Stability test of MOF
The degradation behavior of MOF was investigated by measuring the iron concentration with AAS at 213.9 nm. Sampling was performed at specific time intervals which were similar to drug discovery study at room temperature. Based on the results, 3% of the total iron was released owing to the MOF degradation that this amount was very small, therefore this MOF is stable in the SBF solution.
MTT test
The MTT test is one of the methods to evaluate the toxicity and this colorimetric method is based on revive and broken yellow crystals tetrazolium to purple formazan in mitochondria of living cells (
17,
18).
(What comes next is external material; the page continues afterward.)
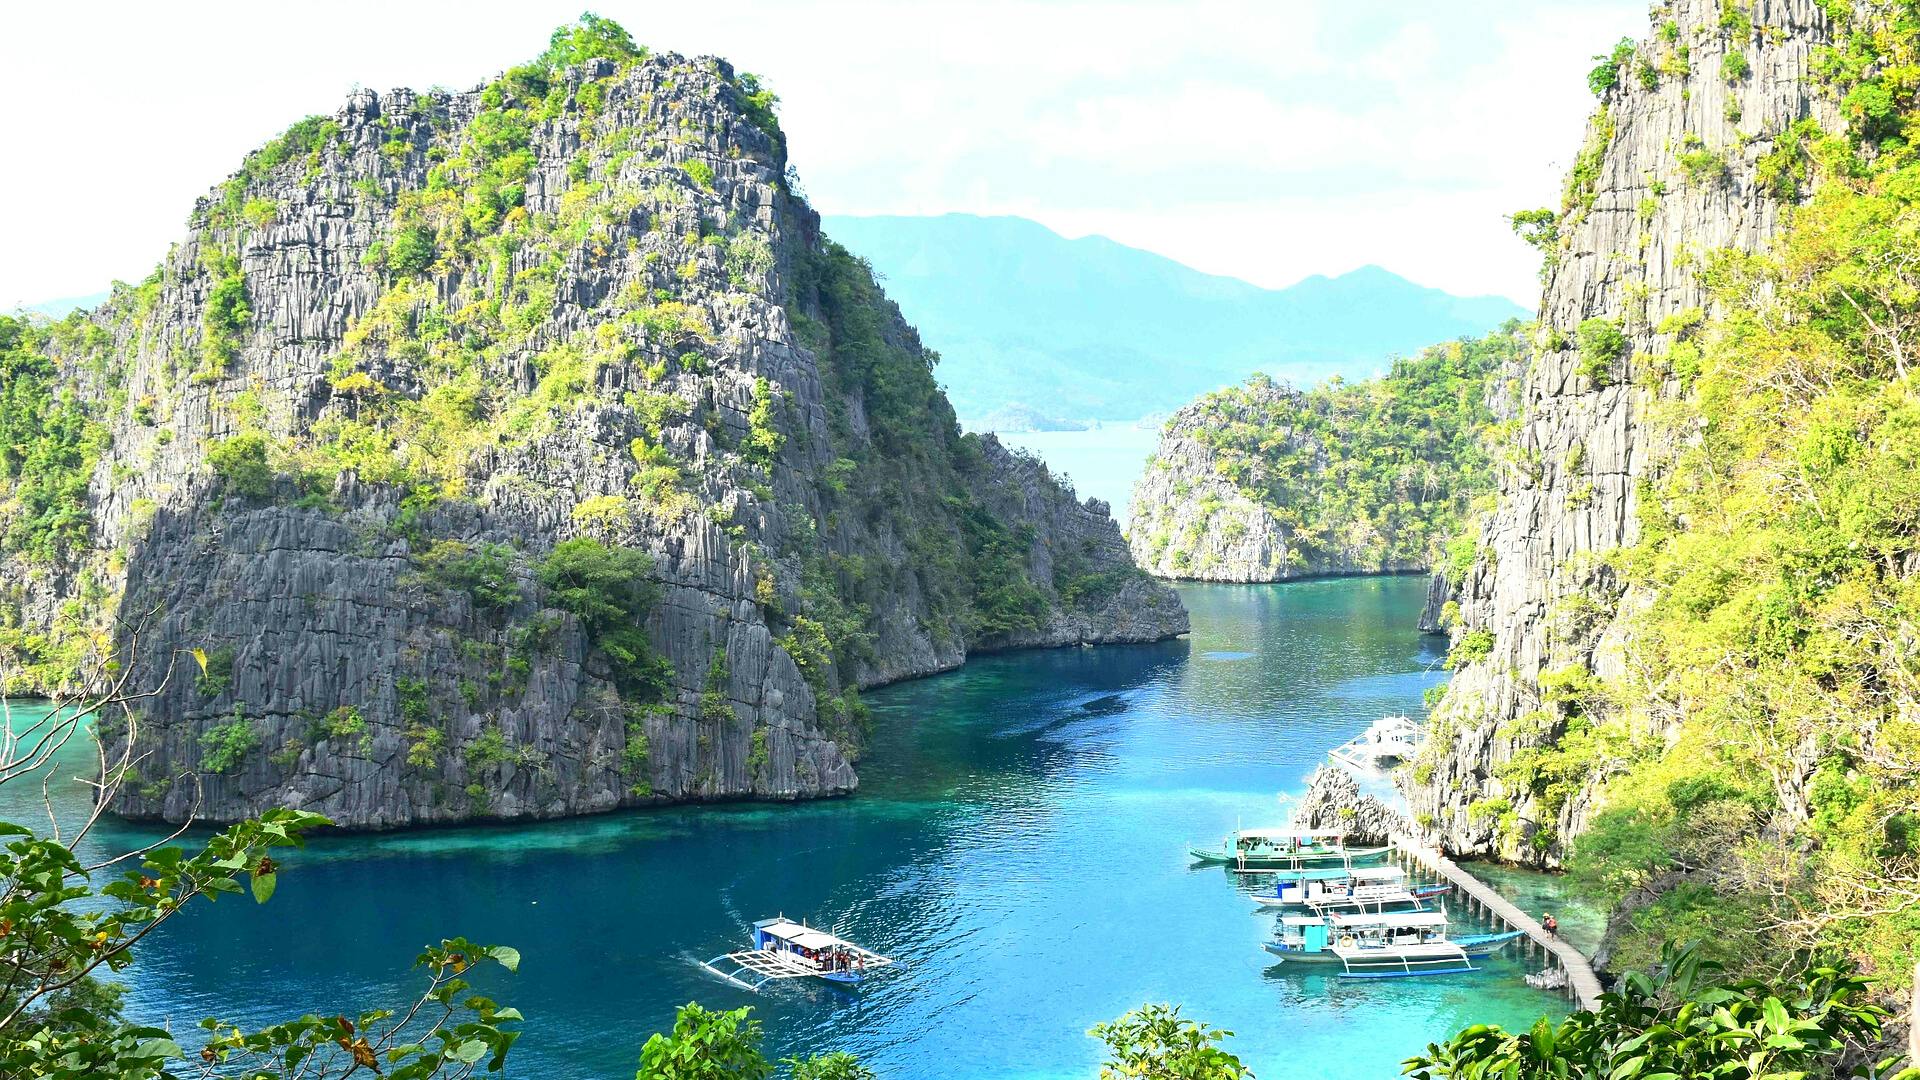 4-Day Palawan Philippines Virtual Tour | El Nido, Coron, Puerto Princesa, Diving Spots - day 2

The efficacy of free nanoparticle, drug, and nanoparticle-containing drug were investigated for their ability to eliminate breast cancer MCF-7 cells in 72 h by cell culture experiment. Based on the results in
Figure 8, the number of living cancer cells by nanoparticles containing drug is less than the free drug and nanoparticles and the highest cell death (lowest viability) in case of MOF-5-FU was indicated.